- _Problem_
What's wanted here is the full listing below, repeated exactly, with no images in it.

- _Given data_
------------------------------------------------------------
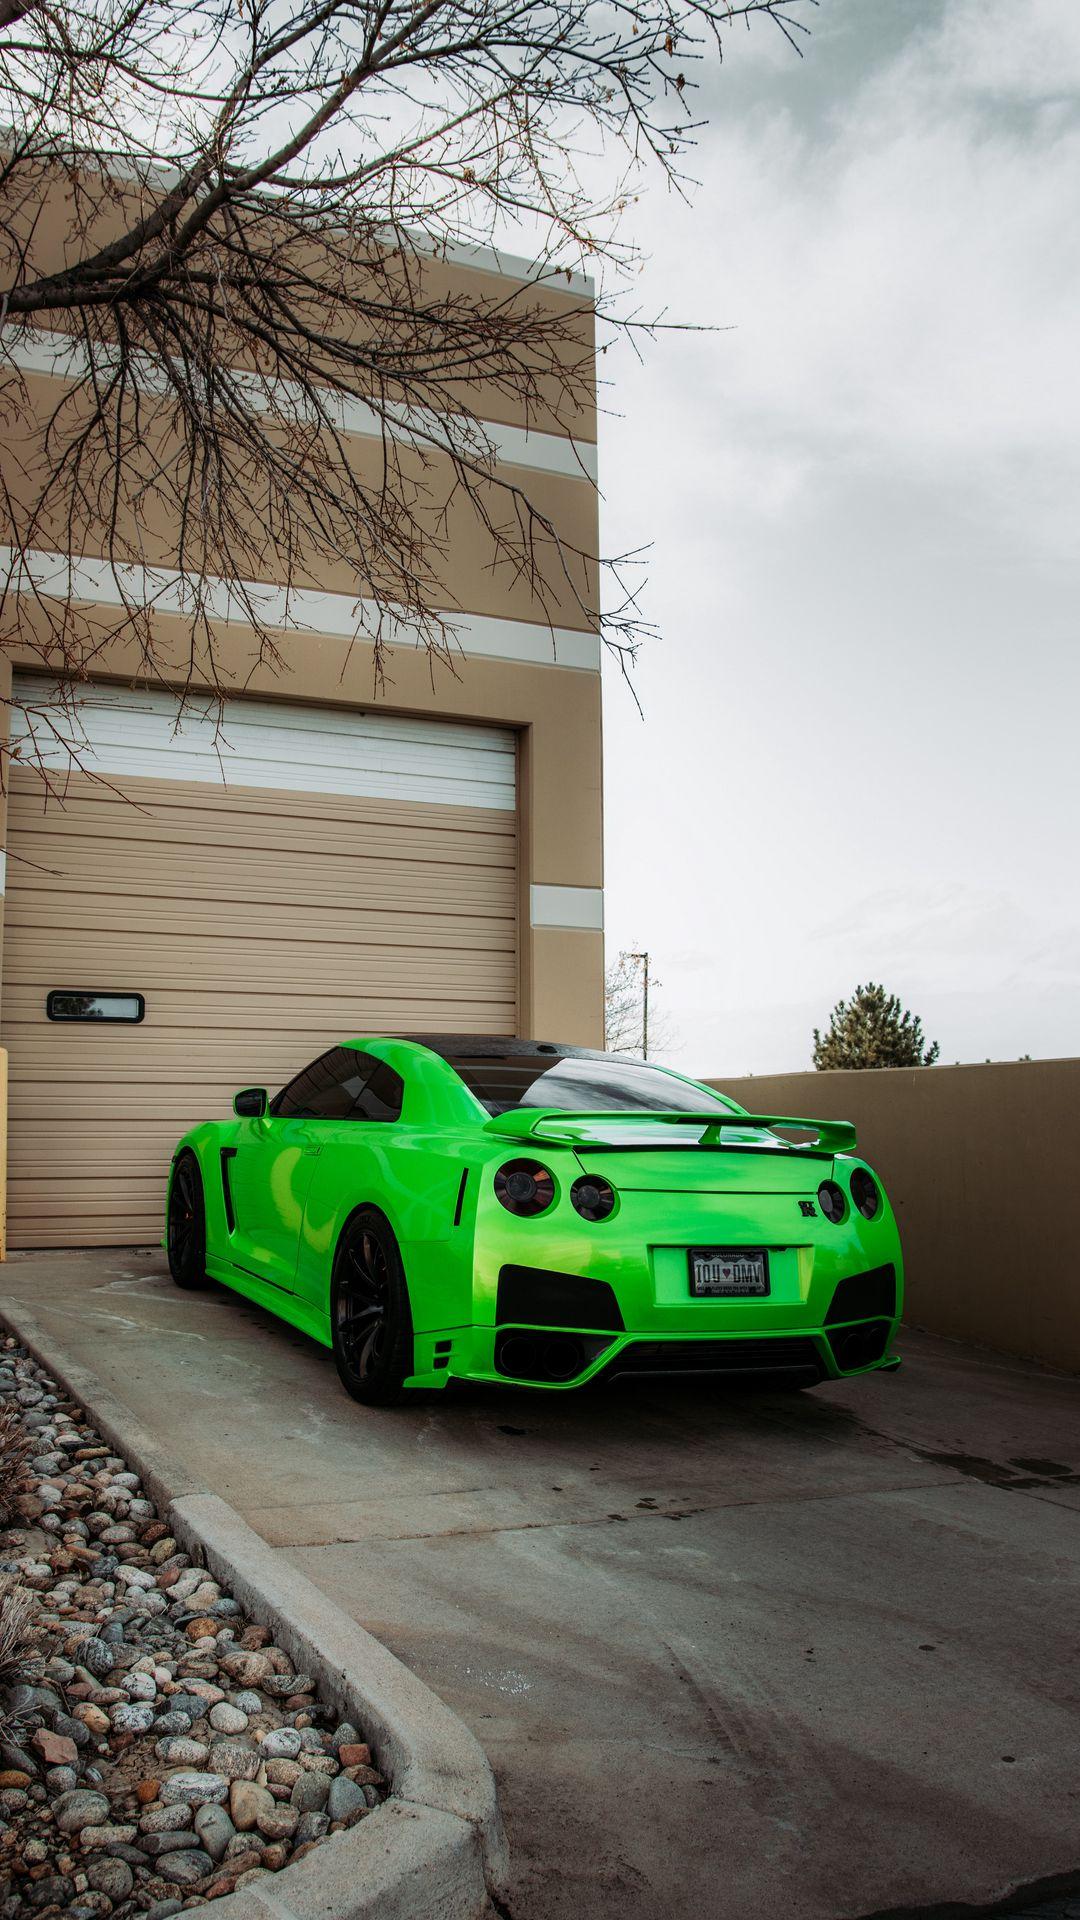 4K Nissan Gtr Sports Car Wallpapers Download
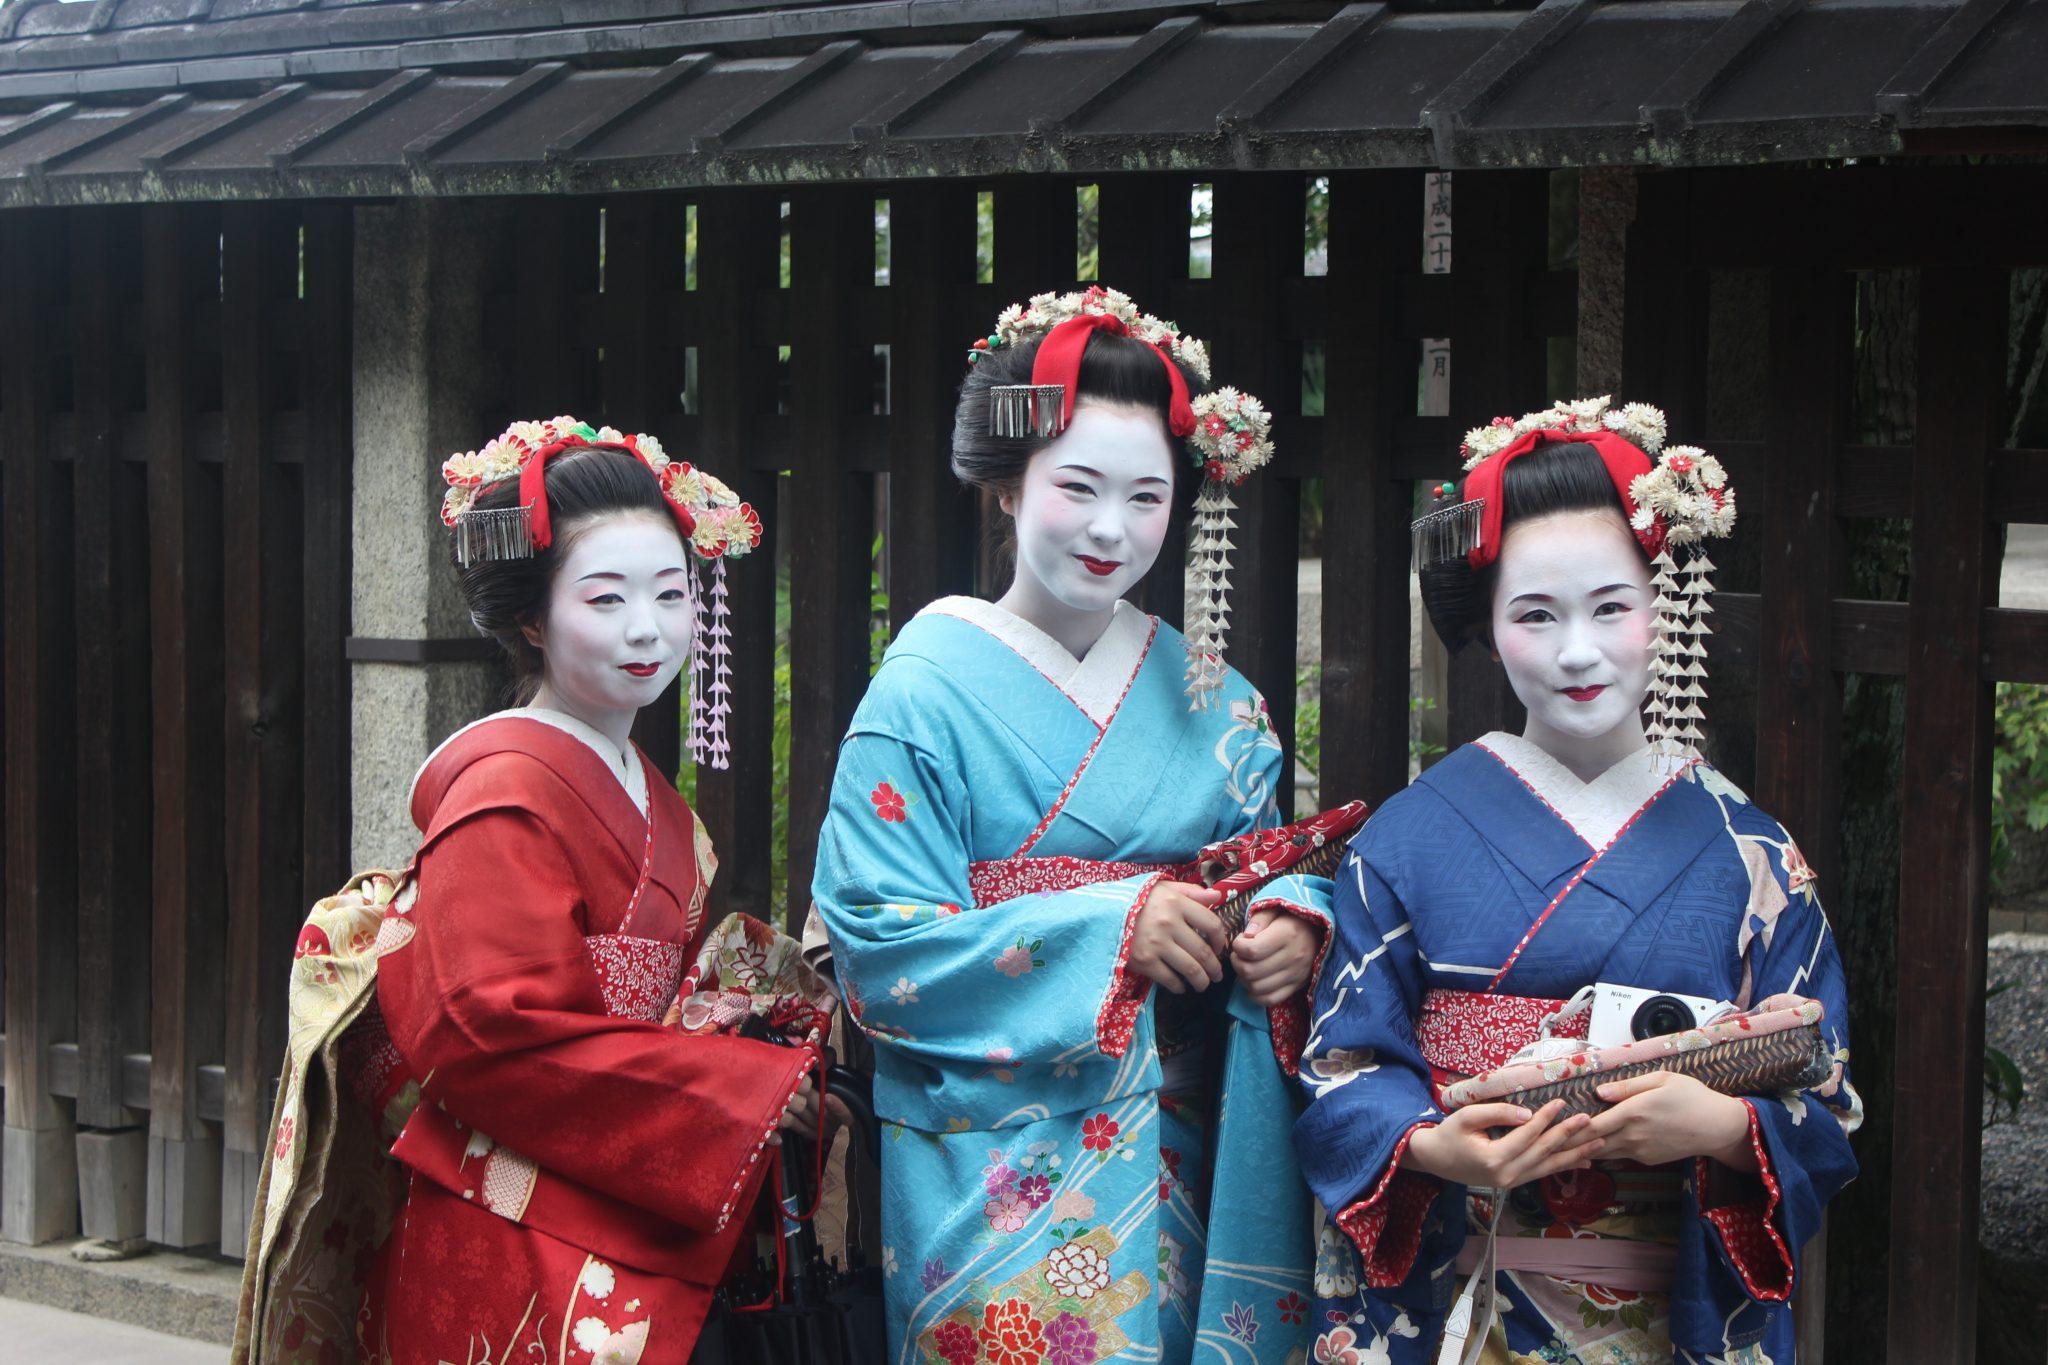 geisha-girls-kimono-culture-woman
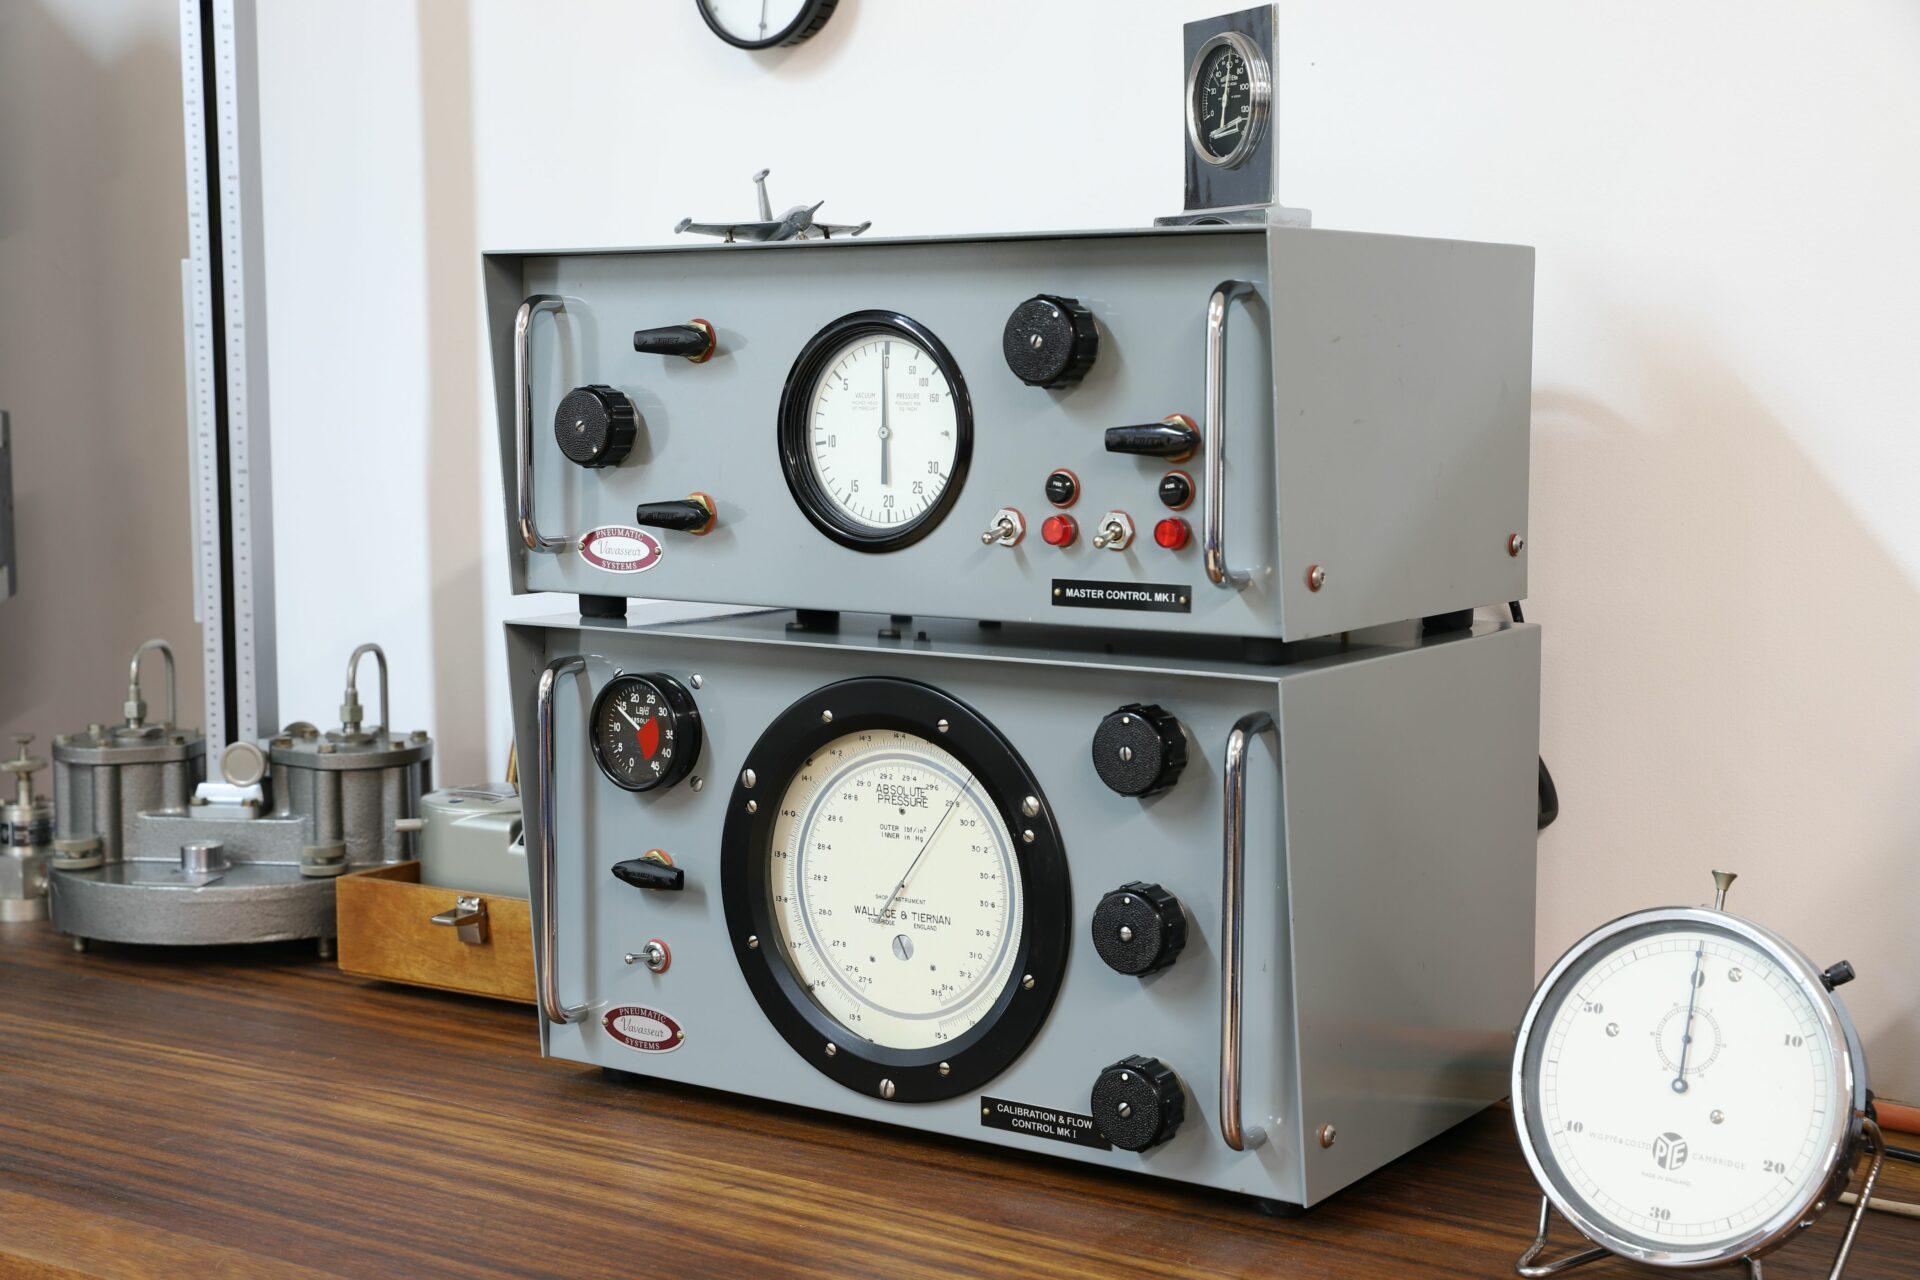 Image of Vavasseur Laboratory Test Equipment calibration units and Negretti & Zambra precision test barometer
------------------------------------------------------------
- _Response area_
 4K Nissan Gtr Sports Car Wallpapers Download
 geisha-girls-kimono-culture-woman
 Image of Vavasseur Laboratory Test Equipment calibration units and Negretti & Zambra precision test barometer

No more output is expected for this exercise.